神社の平屋
あらすじ。
町の宿屋でいざこざあった後、巫女っちが高熱で倒れた。
神社の広大な敷地のわきにある住まい。平屋で広い屋内の一室に、巫女っちを抱きかかえ運ぶ僕は導かれるように入っていった。
畳を敷き詰められたその部屋に、巫女っちを寝かせ、押し入れから敷布団を見つけそれを部屋に敷くと、巫女っちは自らの足でその布団までふらふらと歩き、仰向けに横になった。
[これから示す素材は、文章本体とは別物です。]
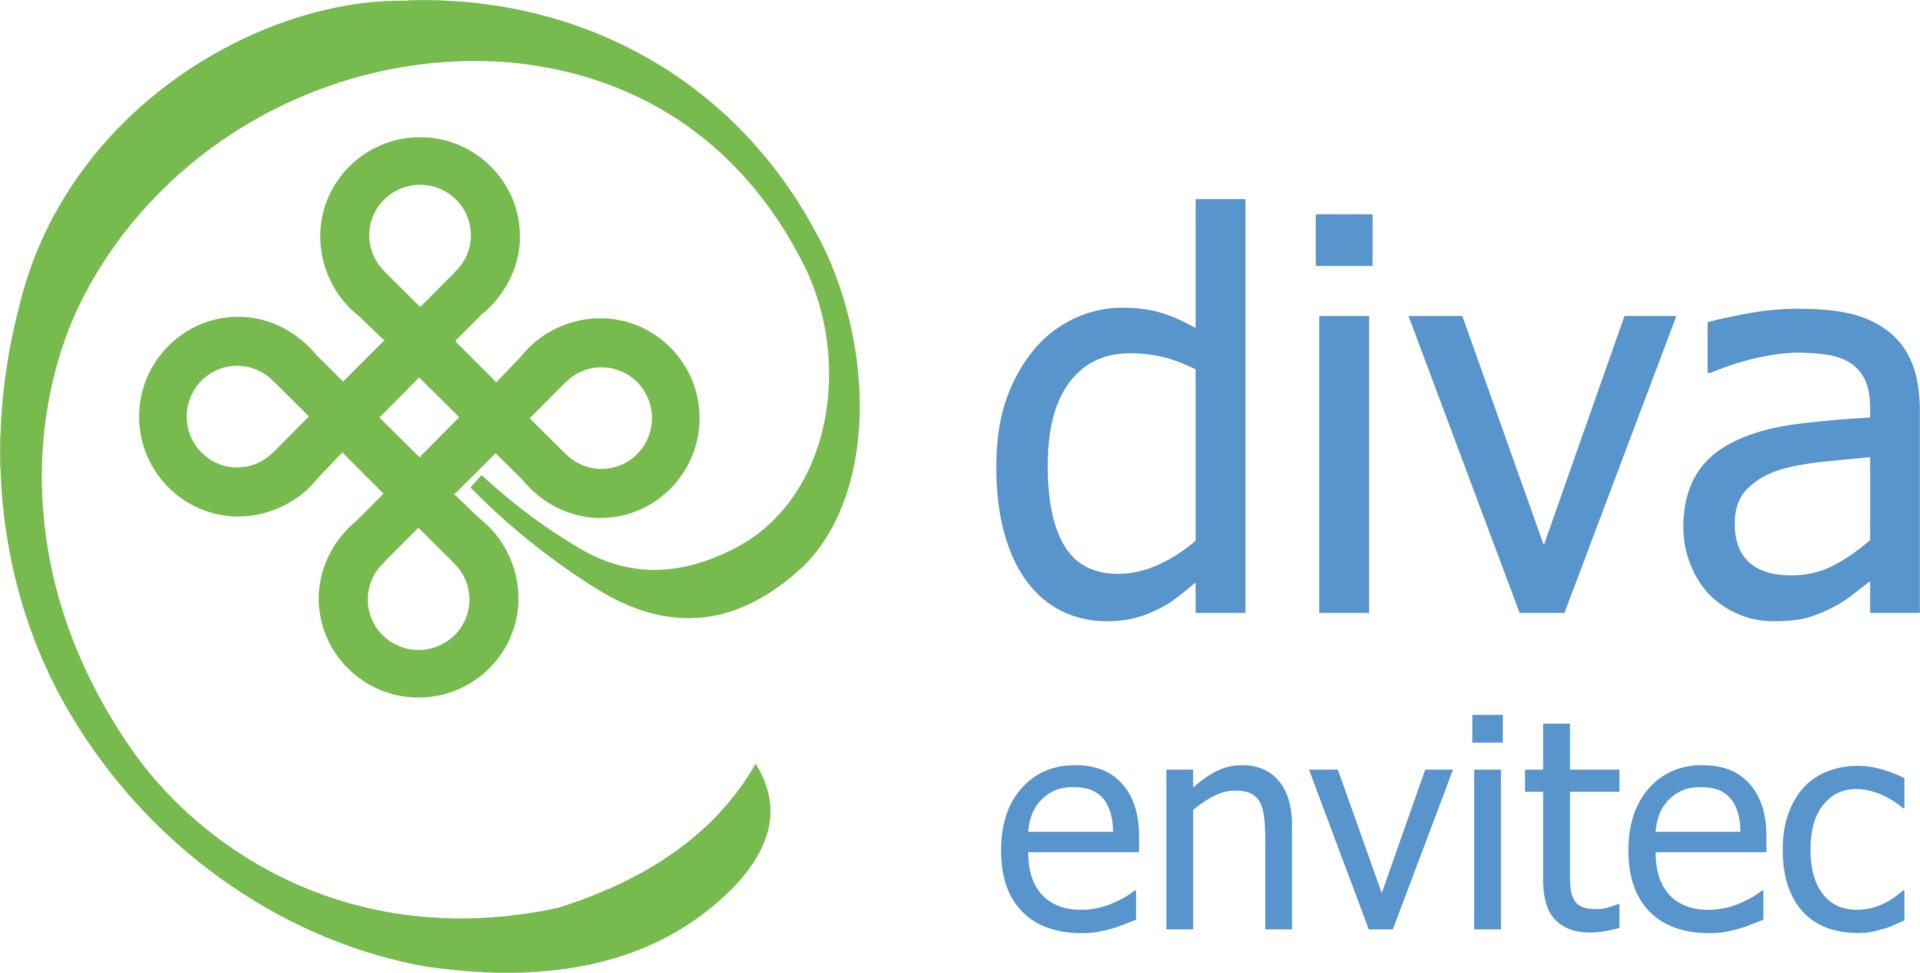 Process Filtration India | Diva Envitec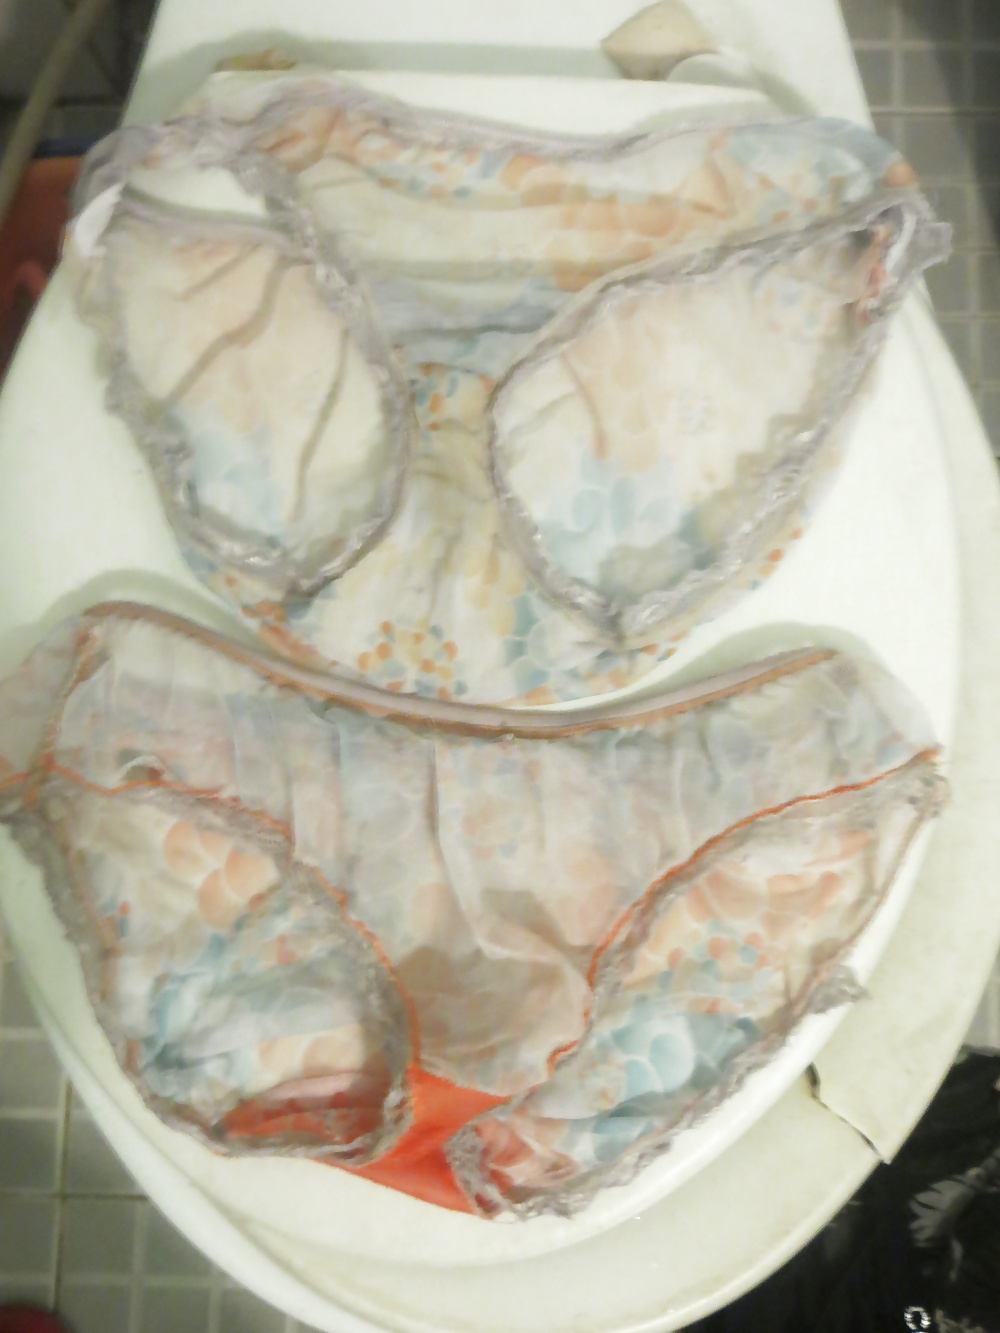 Sex Dirty panties & bra of milf neighbour girl 26-07-2014 image

巫女っちの額を再び触れるが、熱は高いようで異様な暑さを感じる。
「薬はどこにある?」
「これくらい……眠れば治りますから……」
そう微笑まれても、そんな荒い呼吸では何の説得力もない。
「……薬は?」
「……薬屋に取りにいかないとないです」
「分かった」
僕は再び押し入れを調べ、薄手の毛布と小さな手ぬぐいをいくつか取り出す。そして毛布を横になる巫女っちにゆっくり被せてやる。
「台所は?」
「あっちです」
巫女っちの指さす先にタイル造りの台所が見える。
僕は台所から水のたくさん入りそうな鍋を探し出し、水をたっぷり入れて重々しく運び巫女っちの側に置く。そして鍋の水で手ぬぐいを一枚しっかりと湿らせ、絞ってから巫女っちの額へと置く。
「すぐ戻って来る」
僕は言葉を残し、薬屋へと町へ向かった。
長らく多忙で病んでいました。毎日少しづつ更新して行く昔のスタイルに戻します。